1912 - Issue: He said: "And whoever makes a claim and mentions that his evidence is far from him, so the defendant swears, then the claimant produces his evidence, judgment shall be rendered based upon it, and the oath shall not remove the right."

Its general meaning is that if the claimant mentions that his evidence is far from him, or it is not possible for him to produce it, or he does not wish to present it, and he requests an oath from the defendant, the defendant is made to swear for him. If he swears, and then the claimant produces evidence, judgment is rendered in his favor.

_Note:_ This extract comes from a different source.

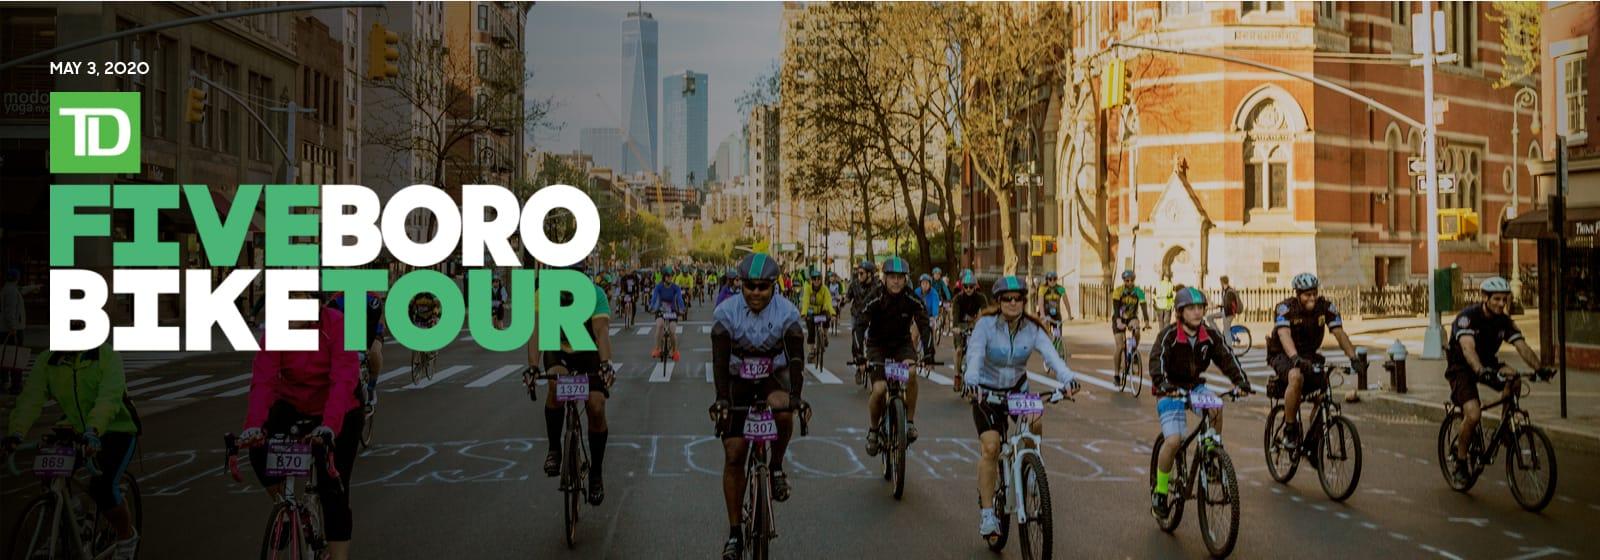 2020 Bike Tour Registration

This is the opinion of Shurayh, al-Sha'bi, Malik, al-Thawri, al-Layth, al-Shafi'i, Abu Hanifa, Abu Yusuf, and Ishaq. It was narrated from Ibn Abi Layla and Dawud that his evidence is not heard; because the oath is the argument of the defendant, so the argument of the claimant is not heard after it, just as the oath of the defendant is not heard after the evidence of the claimant. Our position is the statement of Umar, may Allah be pleased with him: "Truthful evidence is dearer to me than a perjured oath." The apparent nature of this evidence is truth, and from its truthfulness follows the perjury of the preceding oath, so it takes precedence. And because in every situation in which a right becomes obligatory upon him through his acknowledgment, it becomes obligatory through evidence, just as before the oath; and what they mentioned is not valid, because evidence is the fundamental principle, and the oath is a substitute for it.

Notes

(26) Omitted from: The original. (27) Omitted from: A and M. (28) Omitted from: A. (1) In B: "nor". (2) Mentioned by Waki' from Shurayh, not from Umar, in Akhbar al-Qada' 2/342. (3) In B: "we mentioned it". In M: "they mentioned it".